MCLLM: Narrative Foundations and Shifting Spheres

deadline for submissions: 
February 15, 2019
full name / name of organization: 
Midwest Conference on Literature, Language, and Media
contact email: 

Midwest Conference on Literature, Language and Media

April 12-13, 2019

 

CALL FOR PAPERS: MCLLM

 

Conference Date: April 12th-13th, 2019

Deadline for Proposals: February 15th, 2019

Theme: “Narrative Foundations and Shifting Spheres”

 

The 27th annual Midwestern Conference on Literature, Language and Media (MCLLM) at Northern Illinois University in DeKalb, IL, is currently accepting proposals for 15-20 minute presentations from individuals and panels. This year’s conference theme is Narrative Foundations and Shifting Spheres. This theme encourages argument-driven papers that explore topics concerned with levels of identity such as race, class, gender, private, and public. Papers should look to address sociocultural or political issues in tandem with asserting how and why these events happen.What are the origins and implications of these kinds of social shifts?

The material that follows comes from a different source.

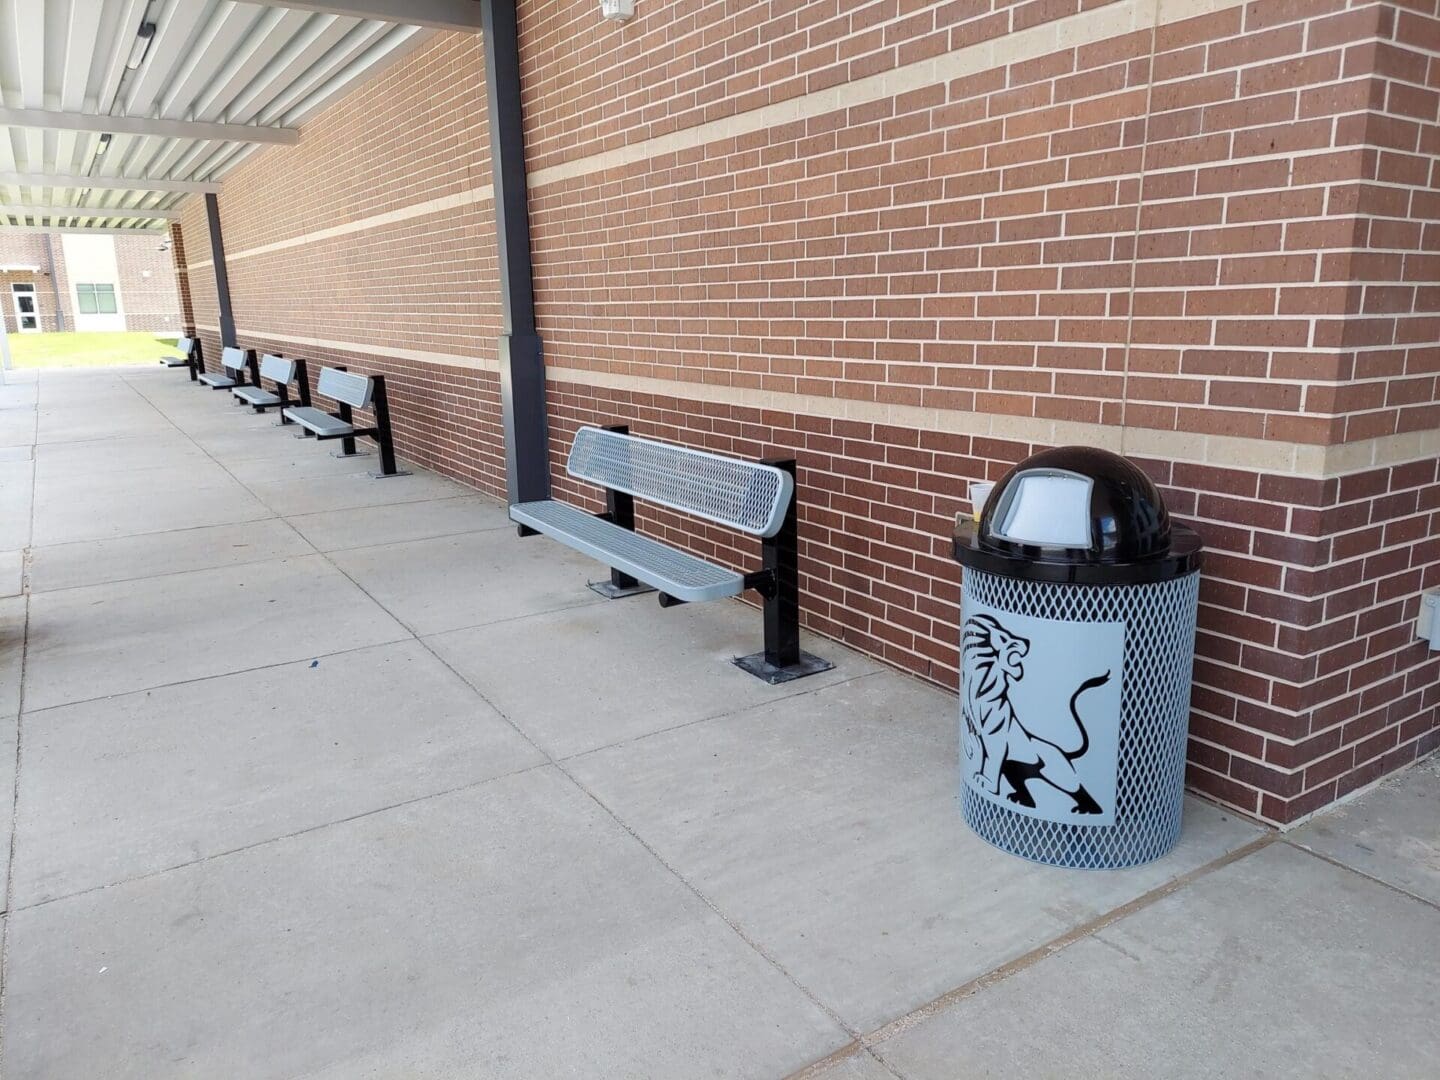 A bench and trash can are on the sidewalk.

How does a revitalized perspective affect the cultural mythos in terms of class, gender, and race?

We encourage a variety of approaches to these questions, including (but not limited to) the following topics:

  • Literary and Narrative Foundations
  • Shifts in Public and Private Spheres
  • Historical and National Movements
  • Marginalized Voices and Challenges to the Canon
  • Transnationalism and Hybridity
  • Interdisciplinary Humanities
  • Political and Historical Change
  • Political, Public, and Private Identity
  • Art as Activism
  • Pop Culture and Academia

MCLLM welcomes proposals from a wide range of research in the humanities. Possible research areas include: literature and poetry, narratology, creative writing, linguistics, written and visual rhetoric, journalism, narrative and documentary film, music, games/video games, anime, television, radio, new and social media, history, and pedagogy in these fields.

This year’s distinguished keynote speaker is Joe Shapiro, associate professor of English at Southern Illinois University. Examples of his work include his 2017 book The Illiberal Imagination: Class and the Rise of the U.S. Novel, along with essays such as "White Slaves in the Late-Eighteenth- and Nineteenth-Century American Literary Imagination." Dr. Shapiro’s research traceshistorical shifts in ways of thinking about and expressing social class in American literature and demonstrates the relationship between class tensions and the development of the American canon.

If you are interested in presenting at the conference, please submit 200-500 word proposals by February 15, 2019, to mcllm@niu.edu. Include a cover page with your name, institutional affiliation, graduate student or faculty status, email, and phone number. Panel proposals should include a brief overview of the panel’s theme and purpose, along with an abstract and cover page for each paper.

 

Founders Award

The Founders Award carries a $500 prize, given to one graduate student attending the conference and presenting a paper. The award honors Chuck Bowie and John Carlberg, the co-founders of the MCLLM conference. All graduate students presenting at the conference are eligible. This award is given based on the strength of the proposal, particularly in terms of how it relates to the conference theme and the quality of the argument presented.